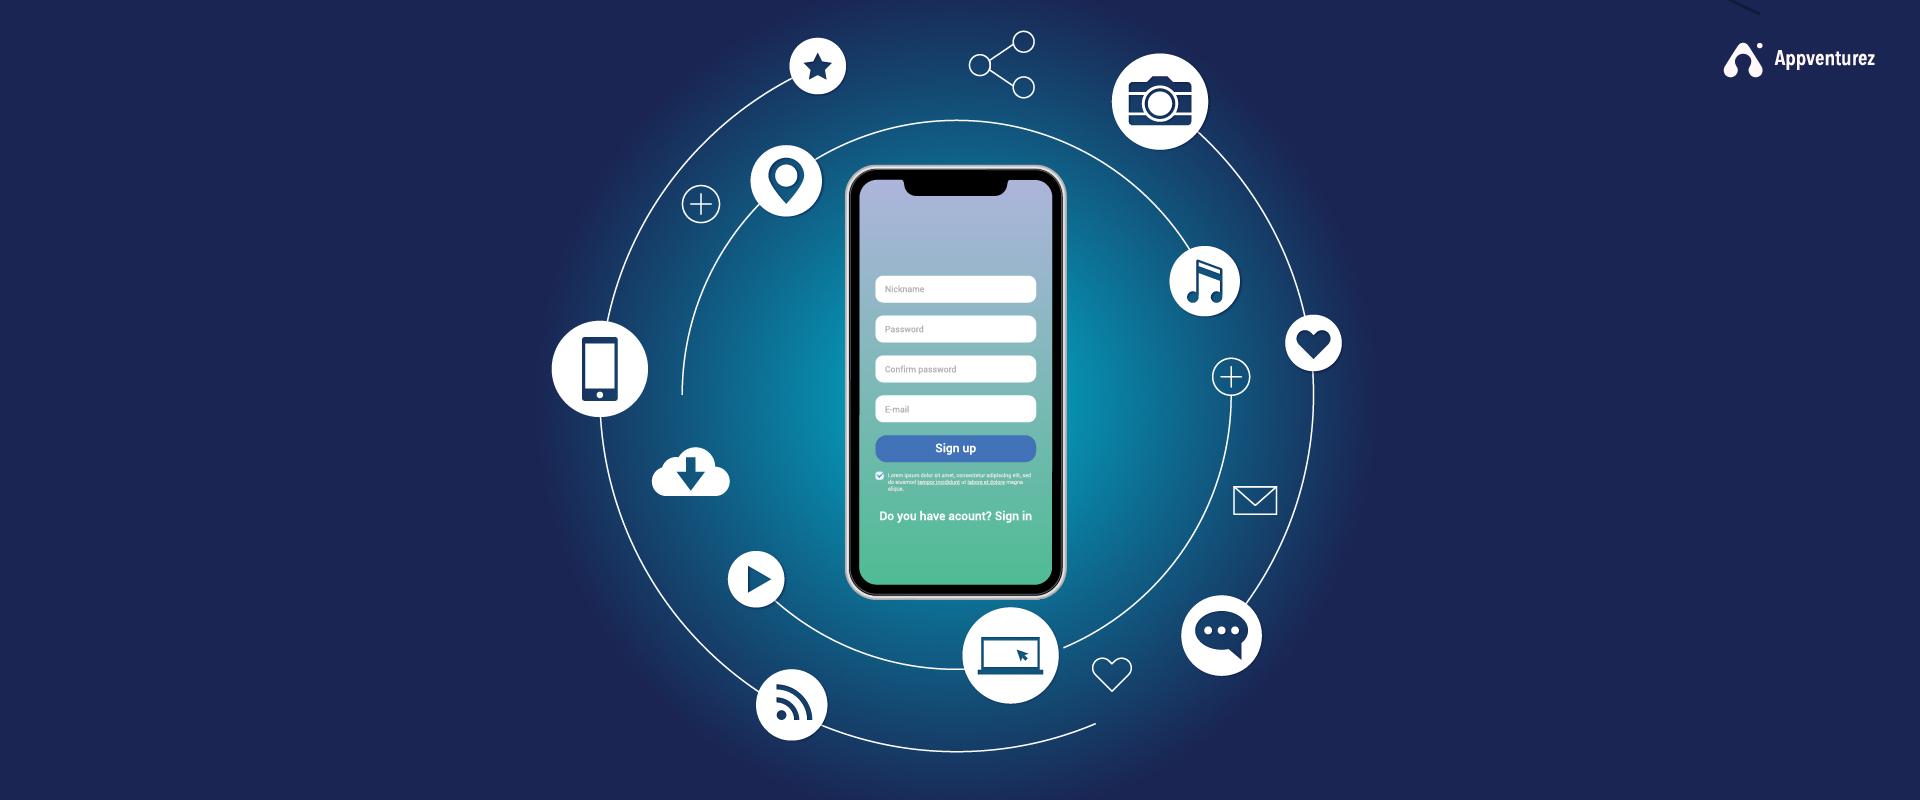 mobile app onboarding best practice
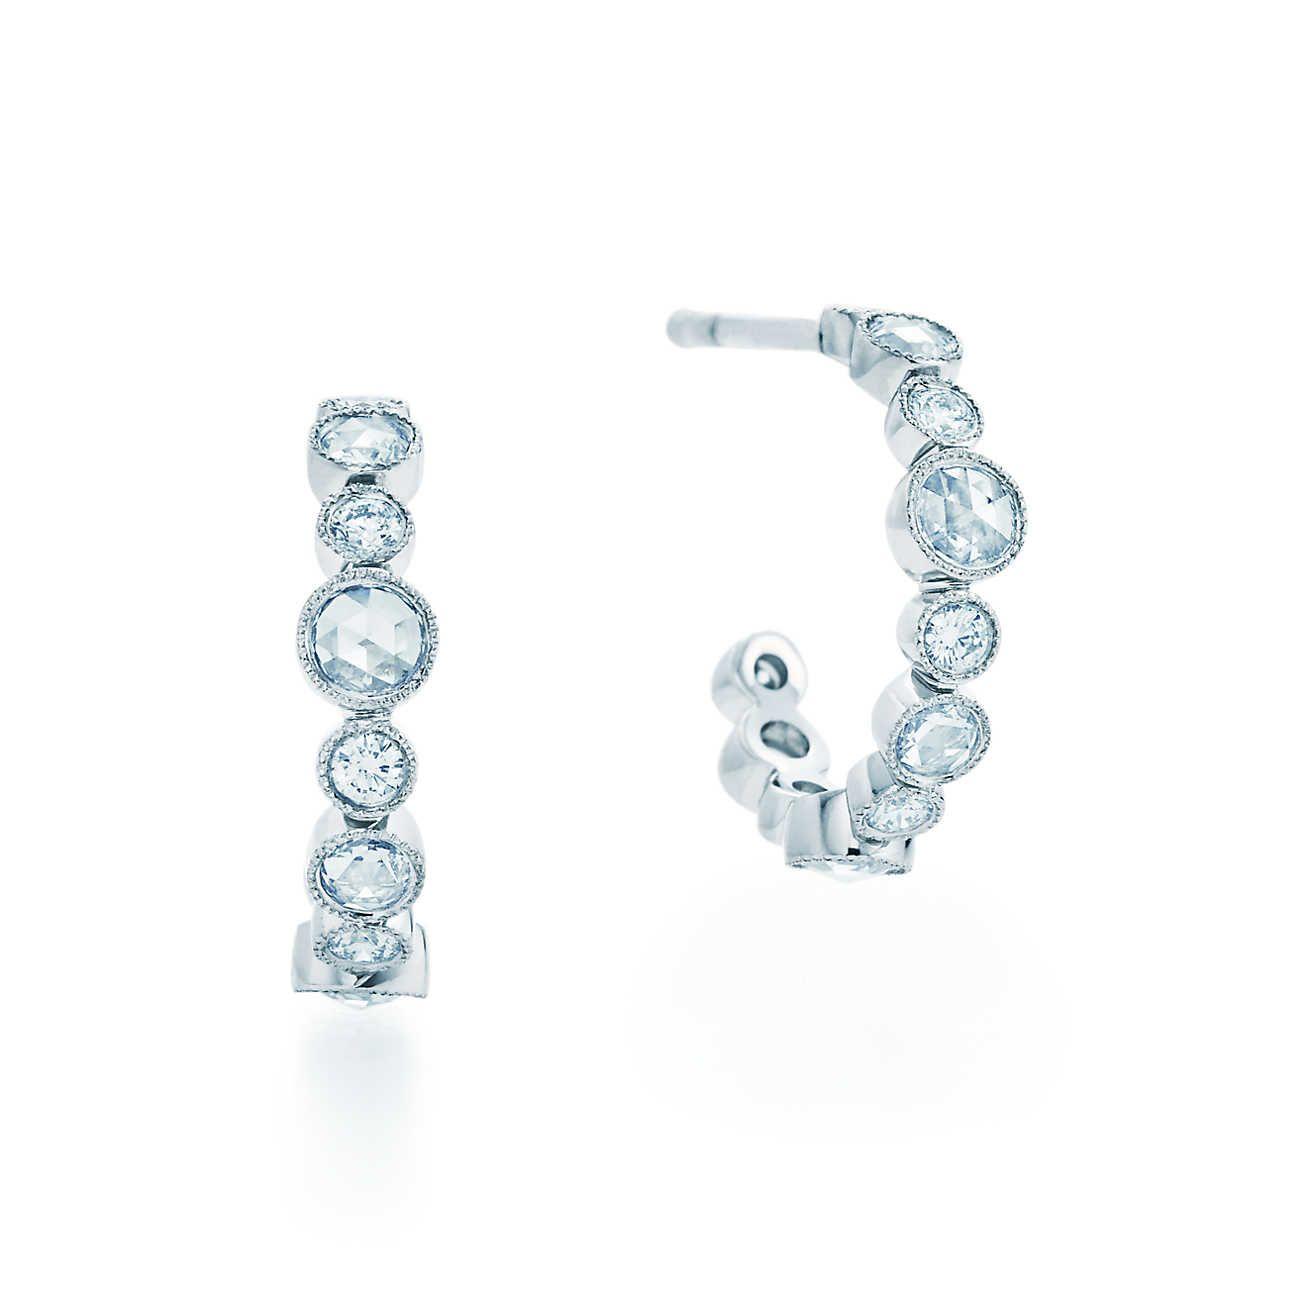 Tiffany Cobblestone Diamond Hoop Earrings
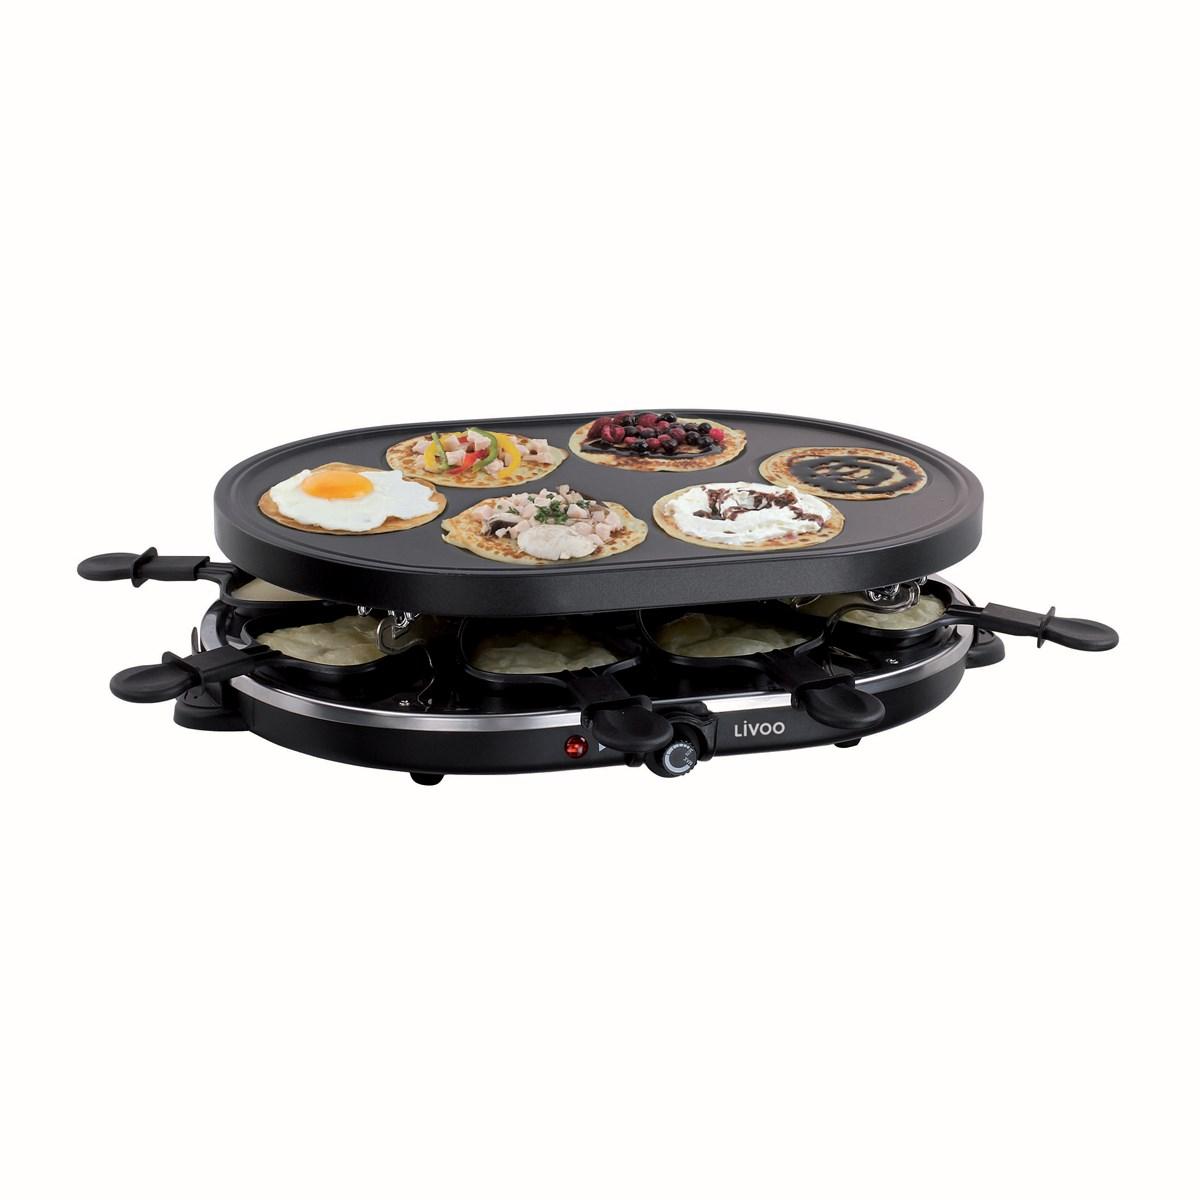 Appareil à raclette et mini-crêpes en métal noir
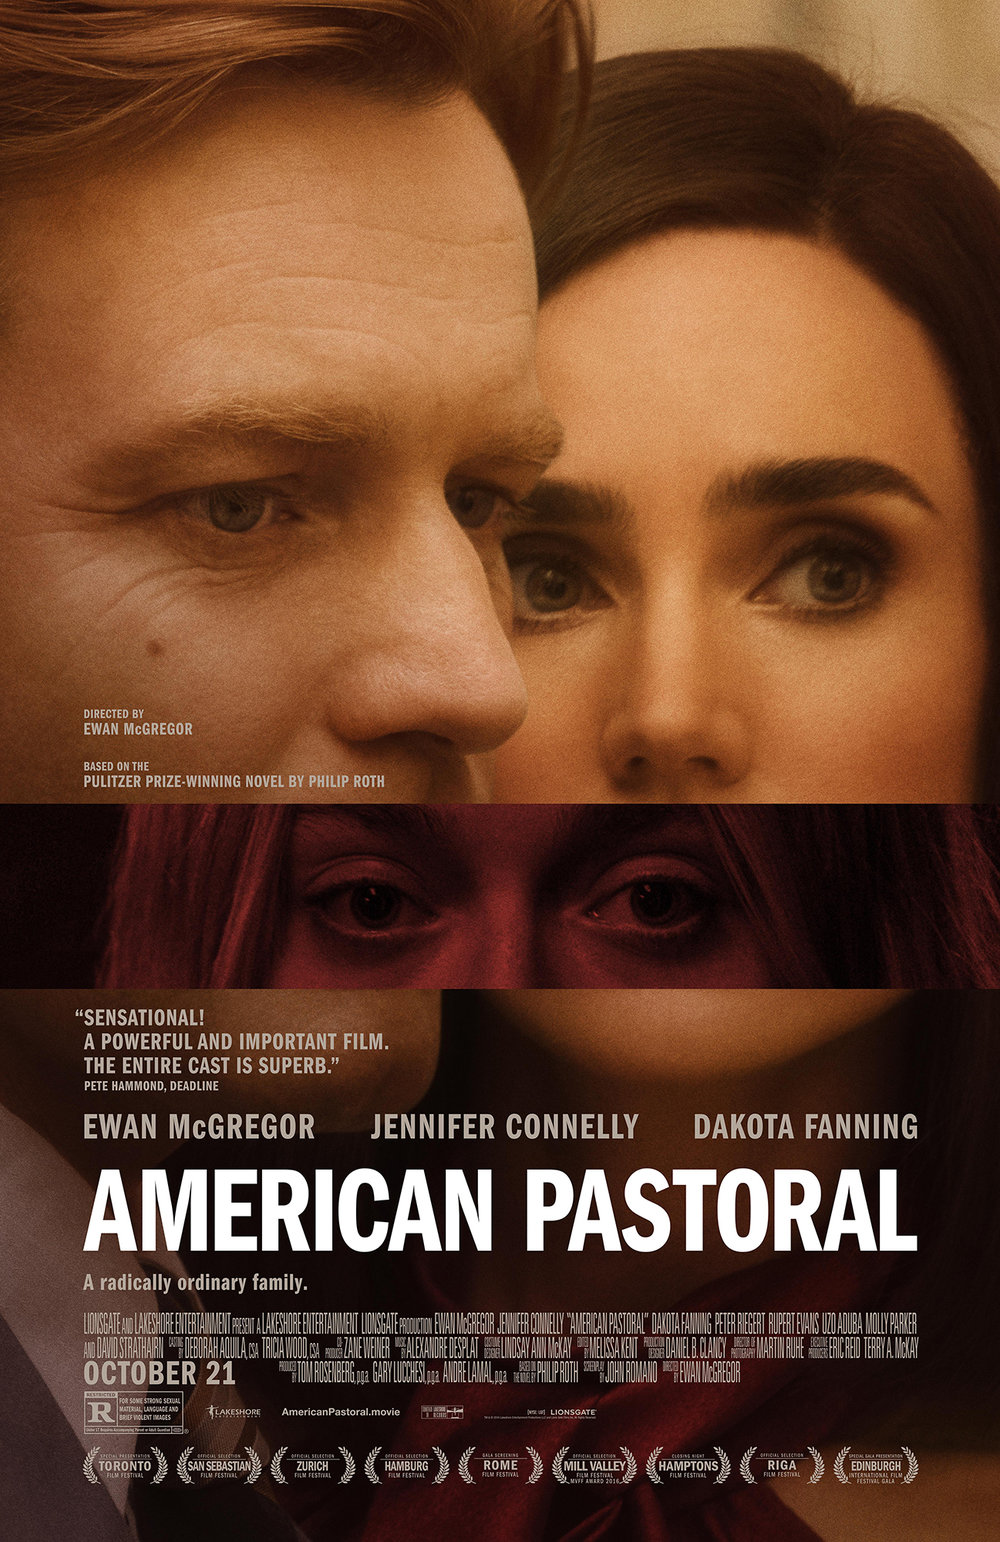 AmericanPastoral_1Sht_Payoff2_VF_100dpi.jpg

- [YOUR OBJECTIVE]: Do not include the images; transcribe the rest of the listing exactly.

- [REPLY]:
 mobile app onboarding best practice
 Tiffany Cobblestone Diamond Hoop Earrings
 Appareil à raclette et mini-crêpes en métal noir
 AmericanPastoral_1Sht_Payoff2_VF_100dpi.jpg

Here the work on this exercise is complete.